In our one-dimensional example, the gradient of the potential energy will simply be the derivative of Eq. (1.23) with respect to $x$.
$$F_{n e t}(d x)=-\frac{d(P E)}{d x}=-\left.\frac{d^2(P E)}{d x^2}\right|{x_o}(d x)-\left.\frac{d^3(P E)}{d x^3}\right|{x_o} \frac{(d x)^2}{2}-\cdots$$
For sufficiently small displacements from equilibrium, the parabolic approximation to the potential energy curve (i.e., the dashed parabola in Fig. 1.2) provides an adequate representation, and therefore the series of Eq. (1.24) that describes the force can be truncated after the first term.
$$F_{n e t}(d x) \cong-\left.\frac{d^2(P E)}{d x^2}\right|_{x_o}(d x) \equiv-\mathrm{K}(d x)$$

## 物理代写|声学代写声学代考|电位和力

$$W_{1,2} \equiv \int_1^2 \vec{F} \cdot d \vec{x}=(P E)1-(P E)2=-\Delta(P E)$$右边假设$\vec{F}$是一个保守力${ }^7$，将一个物体从位置1移动到位置2所做的功$W{1,2}$，沿力的方向移动了一段距离(用积分下面的“点积”表示)，导致势能$-\Delta(P E)$的变化。同样，应用微积分基本定理得到了势能梯度和合力之间的期望关系:$\vec{\nabla}(P E)=-\vec{F}{\text {net }}$ .

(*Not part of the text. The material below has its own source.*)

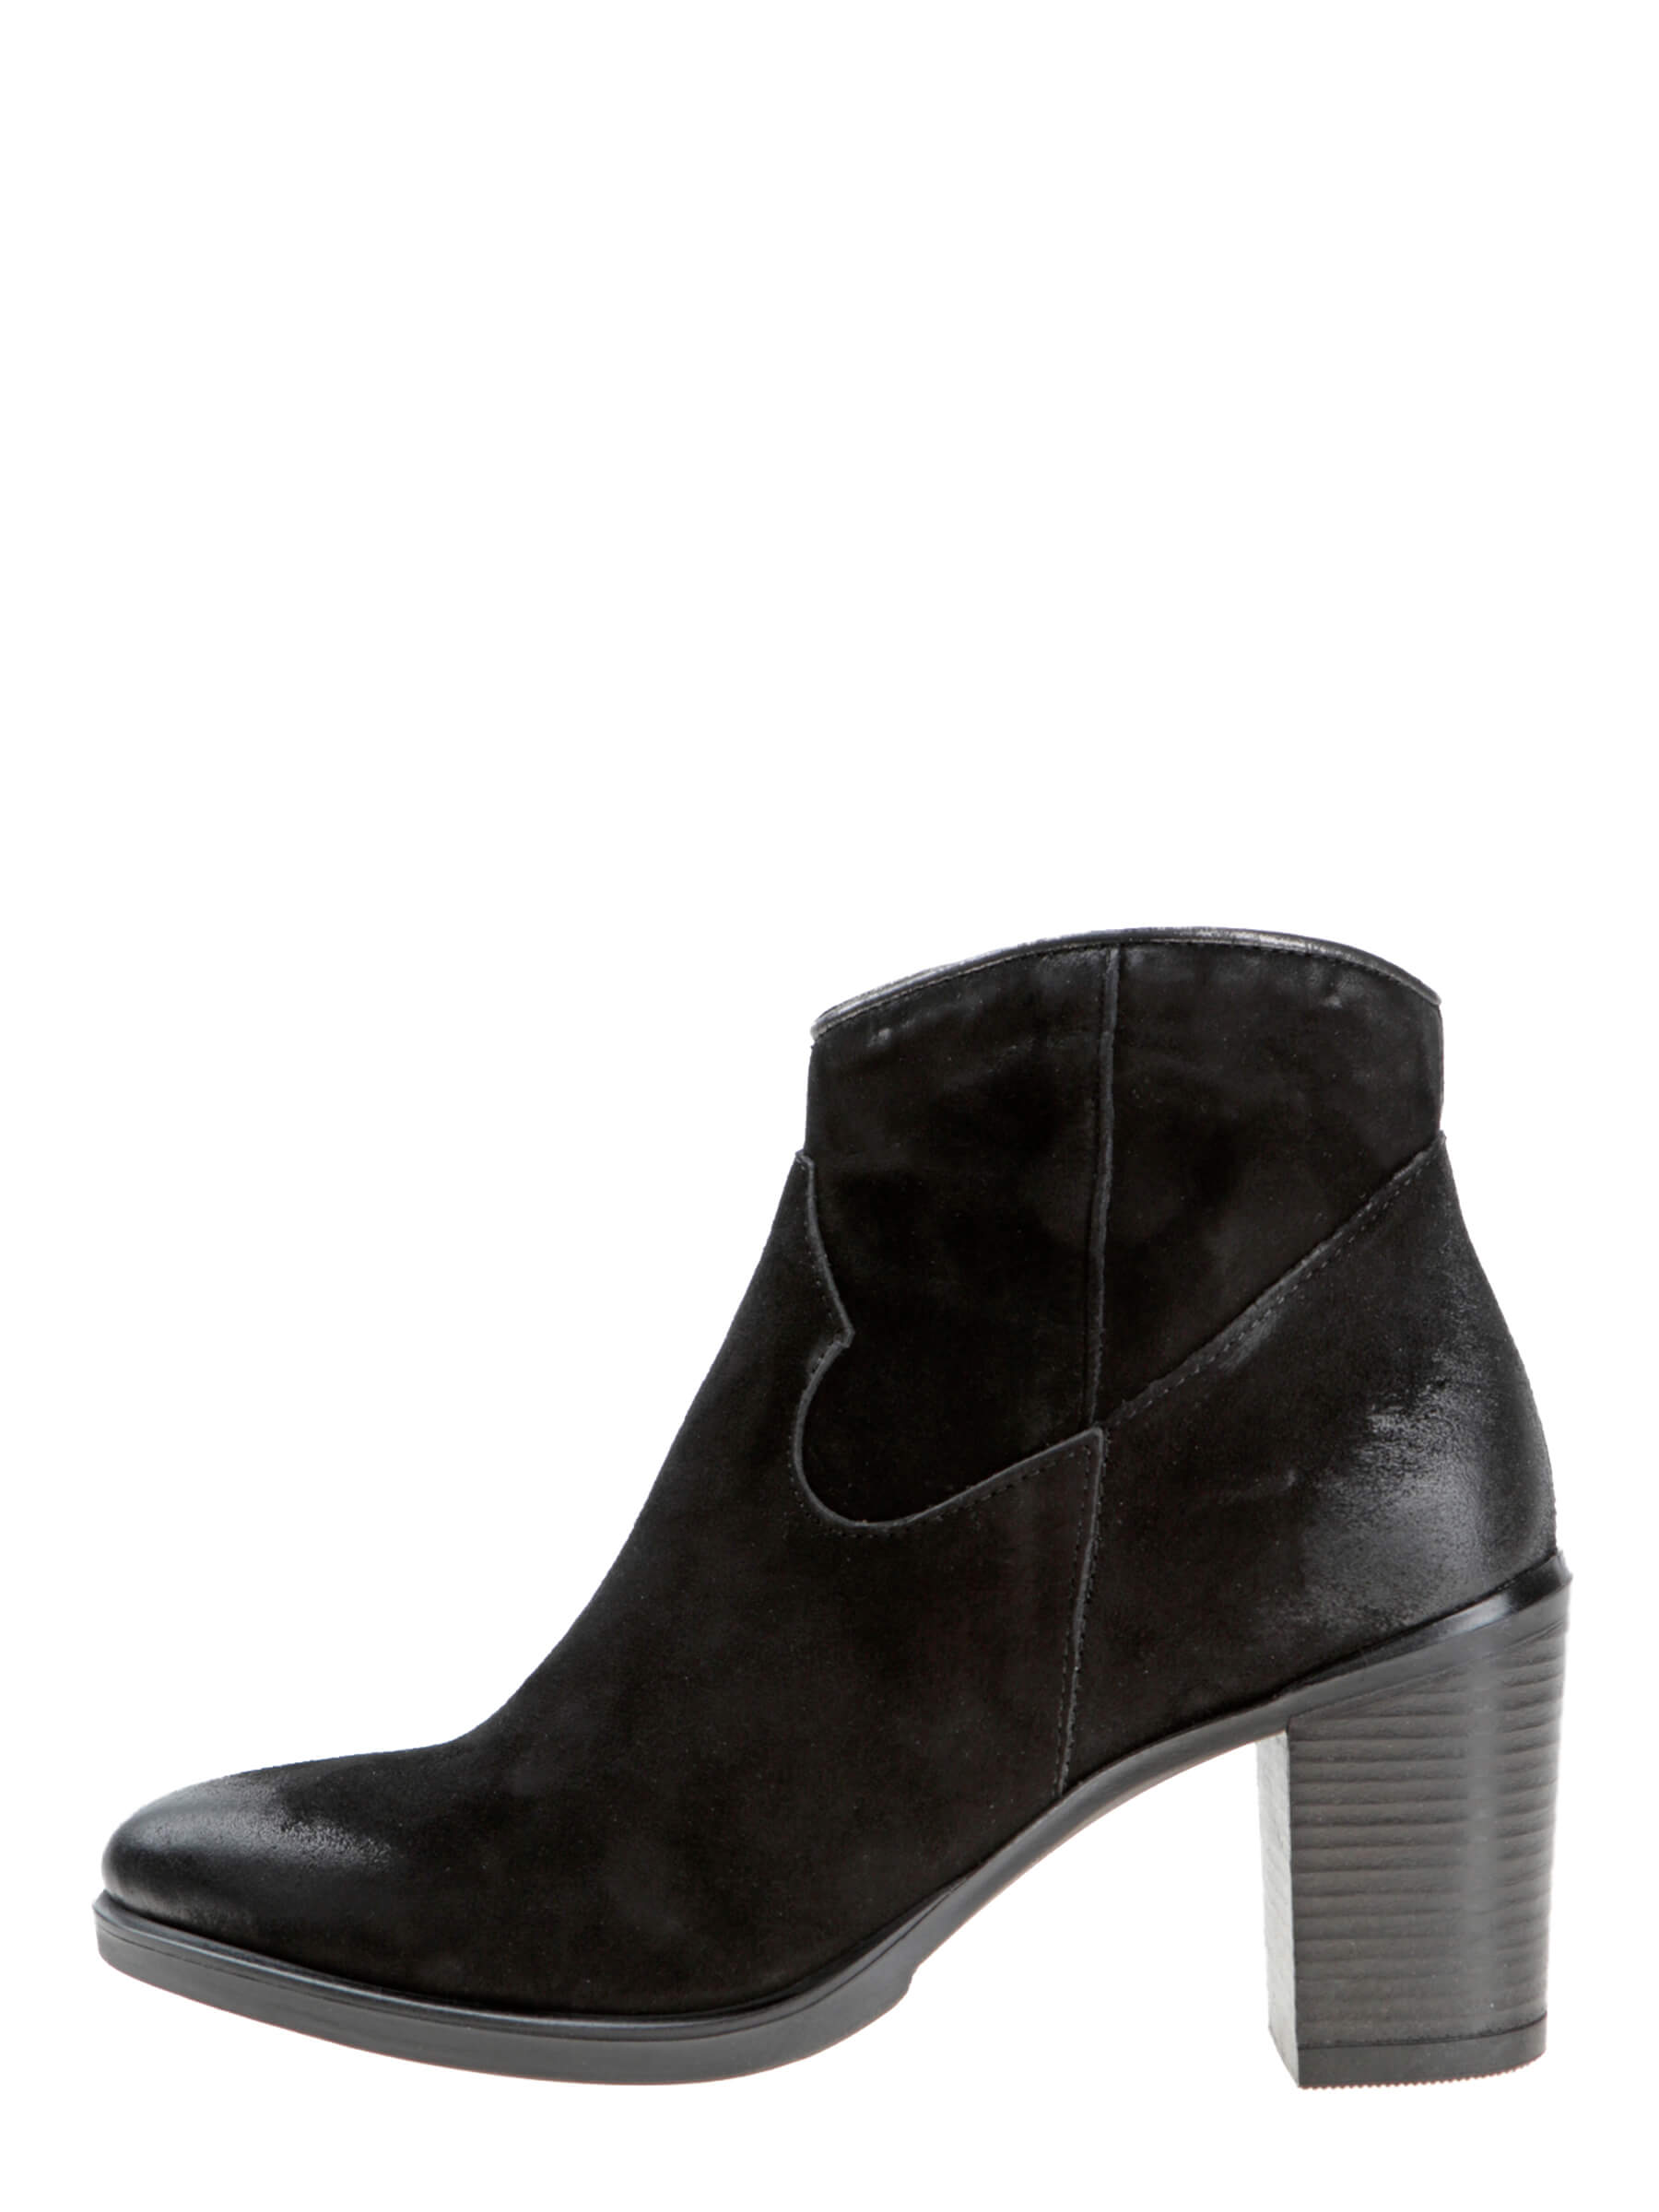 Mjus : Damenschuhe High Heels Online Kaufen Aktuelle

$$P E\left(x_o+d x\right)=P E\left(x_o\right)+\left.\frac{d^2(P E)}{d x^2}\right|{x_o} \frac{(d x)^2}{2}+\left.\frac{d^3(P E)}{d x^3}\right|{x_o} \frac{(d x)^3}{6}+\ldots$$注意。的一阶导数 $P E$ 在式(1.23)中缺失，因为如果 $x_o$ 是平衡位置。 ${ }^8$ 这一项与 $(d x)^3$ 对应于图1.2中实际曲线与虚线抛物线之差的贡献。如果两条曲线之间的偏差是对称的，那么前导修正项将成比例 $(d x)^4$。如果偏差不对称，前导修正项将成正比 $(d x)^3$.

$$F_{n e t}(d x)=-\frac{d(P E)}{d x}=-\left.\frac{d^2(P E)}{d x^2}\right|{x_o}(d x)-\left.\frac{d^3(P E)}{d x^3}\right|{x_o} \frac{(d x)^2}{2}-\cdots$$

$$F_{n e t}(d x) \cong-\left.\frac{d^2(P E)}{d x^2}\right|_{x_o}(d x) \equiv-\mathrm{K}(d x)$$

## MATLAB代写

MATLAB 是一种用于技术计算的高性能语言。它将计算、可视化和编程集成在一个易于使用的环境中，其中问题和解决方案以熟悉的数学符号表示。典型用途包括：数学和计算算法开发建模、仿真和原型制作数据分析、探索和可视化科学和工程图形应用程序开发，包括图形用户界面构建MATLAB 是一个交互式系统，其基本数据元素是一个不需要维度的数组。这使您可以解决许多技术计算问题，尤其是那些具有矩阵和向量公式的问题，而只需用 C 或 Fortran 等标量非交互式语言编写程序所需的时间的一小部分。MATLAB 名称代表矩阵实验室。MATLAB 最初的编写目的是提供对由 LINPACK 和 EISPACK 项目开发的矩阵软件的轻松访问，这两个项目共同代表了矩阵计算软件的最新技术。MATLAB 经过多年的发展，得到了许多用户的投入。在大学环境中，它是数学、工程和科学入门和高级课程的标准教学工具。在工业领域，MATLAB 是高效研究、开发和分析的首选工具。MATLAB 具有一系列称为工具箱的特定于应用程序的解决方案。对于大多数 MATLAB 用户来说非常重要，工具箱允许您学习应用专业技术。工具箱是 MATLAB 函数（M 文件）的综合集合，可扩展 MATLAB 环境以解决特定类别的问题。可用工具箱的领域包括信号处理、控制系统、神经网络、模糊逻辑、小波、仿真等。